3′-Azido-2′,3′-ddCTP

Product Information

A nucleotide analog for selective 3`end labeling of nucleic acids via click chemistry or Staudinger ligation

Overview and Molecular Structure

3′-Azido-2′,3′-ddCTP is a modified nucleotide analog of cytidine triphosphate (CTP), featuring a 3`azido group at the 3′ position instead of the natural 3`OH group. As a dideoxy nucleotide, the lack of 2`OH group, making it a chain terminating nucleotide during polymerase reactions.
Unlike internal labeling nucleotides (e.g., EdUTP or EUTP) 3′-Azido-2′,3′-ddCTP specifically designed for post-synthetic 3′-end modification.

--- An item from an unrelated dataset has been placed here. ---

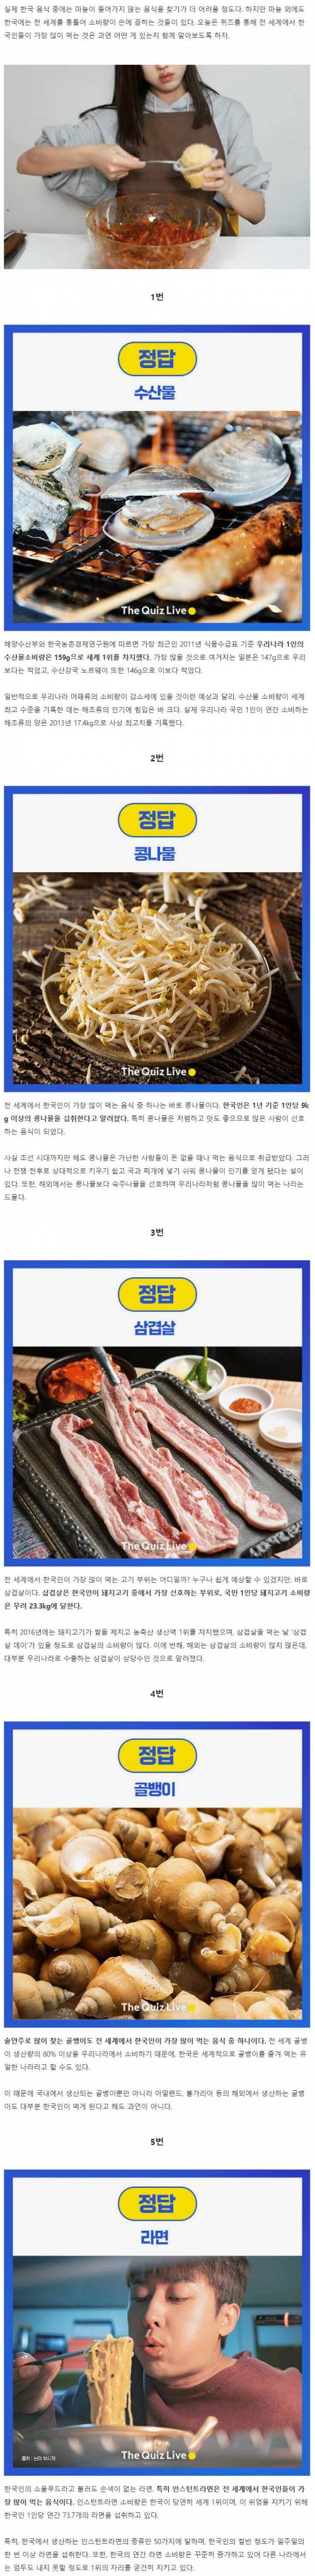 세계에서 한국인이 가장 많이 먹는 음식

It is incorporated enzymatically using terminal deoxynucleotidyl transferase (TdT) or poly(A) polymerase, ensuring single-site labeling at the 3′ end.

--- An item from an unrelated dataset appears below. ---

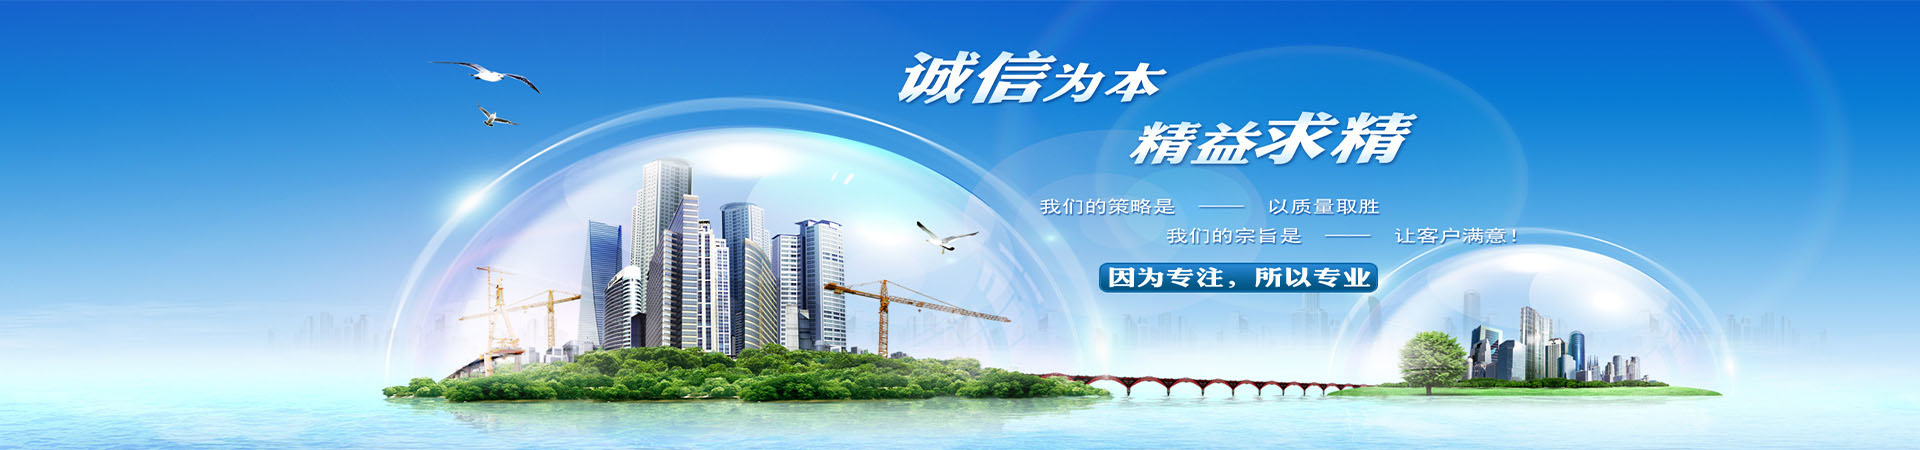 柴油发电机出租、重庆本地柴油发电机出租、重庆、重庆柴油发电机出租

Chemical functionality of 3′-Azido-2′,3′-ddCTP:

The azido group is a biorthogonal functionality, meaning it does not interfere with natural biomolecules. It reacts selectively with:

• Alkynes → forming triazoles via CuAAC (copper-catalyzed) or SPAAC (copper-free, using strained alkynes like DBCO)
• Phosphines → forming amides via Staudinger ligation

Both reactions meet the criteria for click chemistry, and the development of azide–alkyne cycloaddition was recognized with the 2022 Nobel Prize in Chemistry.

Typical conjugation partners include fluorescent dyes, biotin, linkers, and advanced ligands such as sugars for targeted delivery.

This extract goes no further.